Jānis Krievs. The Bygone Future
From 18 October 2024 to 26 January 2025, the Museum of Decorative Arts and Design in Riga (Skārņu iela 10) hosts the first retrospective exhibition of the renowned Latvian designer and environmental artist Jānis Krievs, The Bygone Future, that multifacetedly presents his performance in design, kinetic, environmental, and interior art.
The exhibition invites visitors to immerse themselves in the atmosphere of the 1970s–80s through the creative lens of one designer. Jānis Krievs (1942–2016) was one of the most prominent Latvian graphic, environmental, and interior designers, as well as a representative of kinetic art. Author’s creative legacy holds a special and distinguished place in the history of Latvian design, with most of his work preserved in the collection of the Museum of Decorative Arts and Design.
Jānis Krievs was an innovator in several artistic fields, beginning from painting, which he studied, to interior projects, and explorations in kinetic and proto-digital art.

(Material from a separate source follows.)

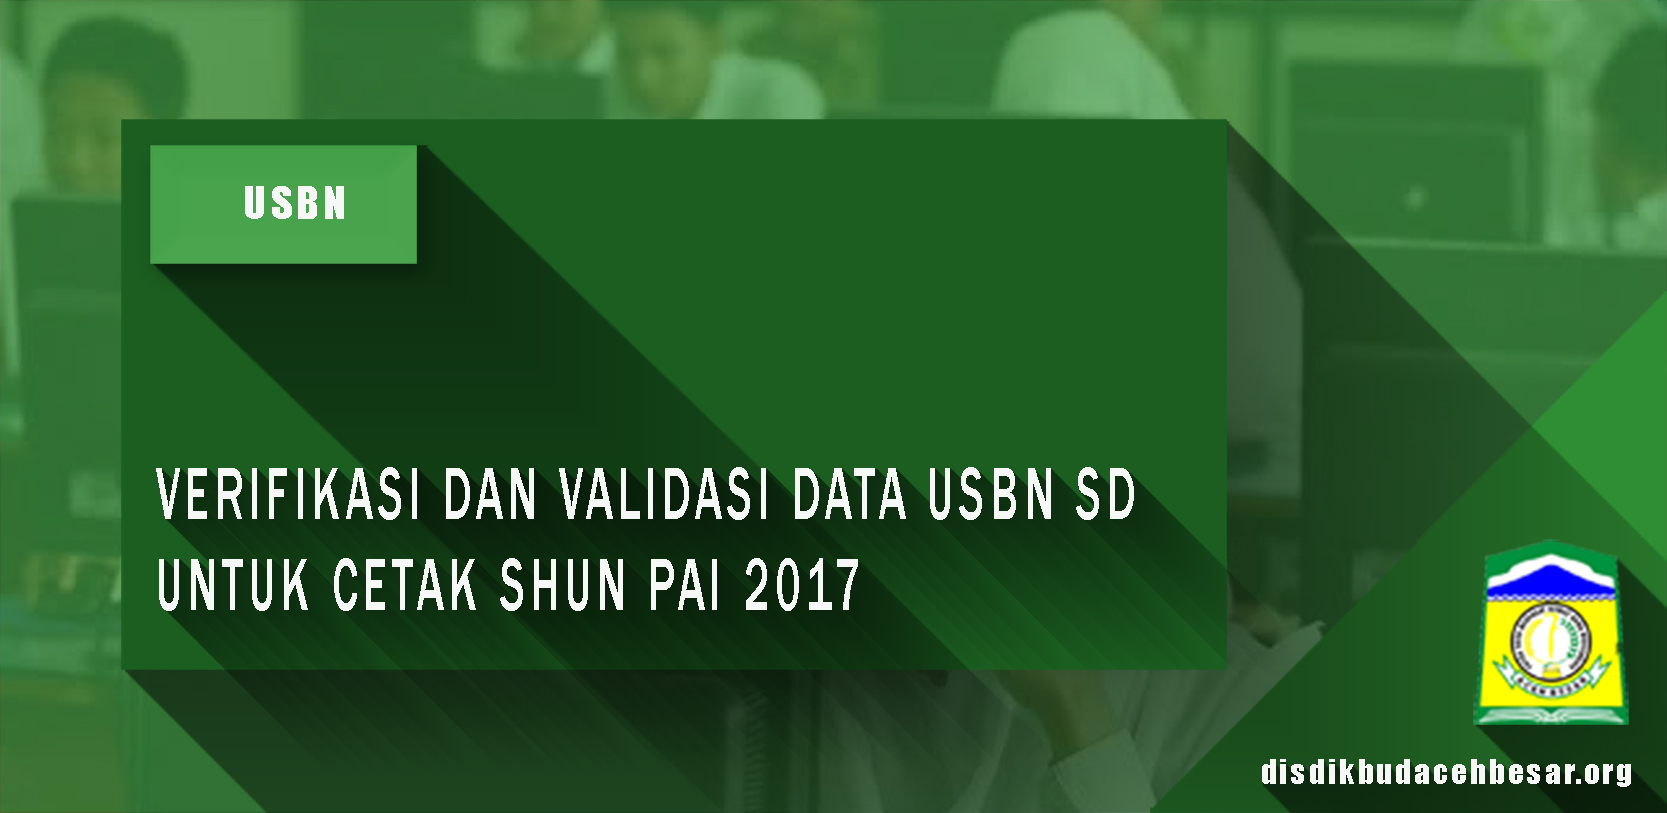 VERIFIKASI DAN VALIDASI DATA USBN SD UNTUK CETAK SHUN PAI 2017

The paradox of Jānis Krievs’ oeuvre is that his most active creative period took place when the Soviet regime lost it’s authority – ideologists called it the time of ‘advanced socialism’, later dubbed stagnation. However, Jānis Krievs’ imagination had nothing to do with the politically stifling atmosphere and economic backwardness – he was working for the future, seeing it as westernized, beautifully modern and technologically advanced.
Strangely enough, it was the decaying ambitions of the regime of the authorities to ‘catch up with and overtake capitalism’ that enabled the artist, who would rather have belonged to the ranks of dissidents, to realize daring, futuristic ideas, the grandest of which was the reconstruction of the interiors of Riga Central Railway Station. Jānis Krievs is characterized by a complex, synthetic approach to spatial solutions – he himself emphasized that he was creating environments rather than decorative objects or interiors: “Instead of the old stereotype of ‘design art’ comes ENVIRONMENTAL DESIGN. It is a complex, social process!” he wrote. Jānis Krievs’ ideas were ahead of their time and were as if created for people of the future. Another paradox is that the real course of history was cruel to the already implemented projects, and almost all of them were destroyed.
Soviet period design is an understudied and under-publicized cultural asset in Latvia, especially the heritage of the 1970s and 1980s, which has mostly been lost, transformed, and not known to the younger generation. The artist’s creative work deserves to be on a par with Rihards Zariņš, Ansis Cīrulis, Jūlijs Madernieks, and other prewar design classics, as well as his post-war contemporaries – avant-garde architect Marta Staņa, design and kinetic art theorist and practitioner Valdis Celms, thus broadening public perceptions of the golden fund of Latvian design.
The illogy enclosed in the exhibition’s title The Bygone Future is ambivalent – it combines Jānis Krievs’ futuristic, forward-orientated creativity with the actual situation that his most significant realized objects – the environmental design of Riga Central Railway Station and the kinetic solution of the station clock, the kinetic wall of the Daugavpils Palace of Culture stage, the kinetic object and stage relief of the Railway Workers’ Culture Palace, the foyer interior of the Riga Sports Palace, etc. – have not survived to the present day. Jānis Krievs is a protagonist of this era, who reconciled the contradictions of the time: on the one hand, the resources available in a planned economy and the authorities’ interest in investing them in the creation of new public spaces (especially related to the 1980 Moscow Olympic Games), and on the other, the orientation of Latvian artists towards Western design models, progressive ideas and innovation.
The exhibition will probably evoke memories to the older generation, while for the middle and younger generations, it will be a complete discovery,
promises Vilnis Vējš, curator of the project. In order to give an expanded view of the scale of Jānis Krievs’ talent and his impact of the techniques used to organize space, the exhibition features more than 100 original works of the artist – not only drawings and sketches, but also their creative interpretation in real dimensions (by Mārtiņš Ratniks). Moreover, there is an opportunity to ‘walk through’ the interior of the railway station in an interactive digital reconstruction. The exhibition highlights the most important qualities of the author’s oeuvre: his vision of the future, sense of presence, and complex approach.
For the first time, large-scale interior decorations from the former retirement home Dzintars (popularly known as Astoņi luksi) in Jūrmala, which in the past was only accessible to the Soviet elite, are shown to a wider audience. Their relocation to the museum and restoration were made possible by their current owner Real Estate developer Pillar. The design of the Riga Central Railway Station’s waiting room benches, created under the direction of Jānis Krievs and designed by Aivars Bērziņš, is featured in the exhibition with the support of SJSC Latvijas Dzelzceļš. The exposition also combines selected works from the Zuzāns Collection and the National Library of Latvia, as well as film footage from the National Archives of Latvia.
The project is realized thanks to the support of the State Culture Capital Foundation’s target programme Nationally Significant Cultural Events.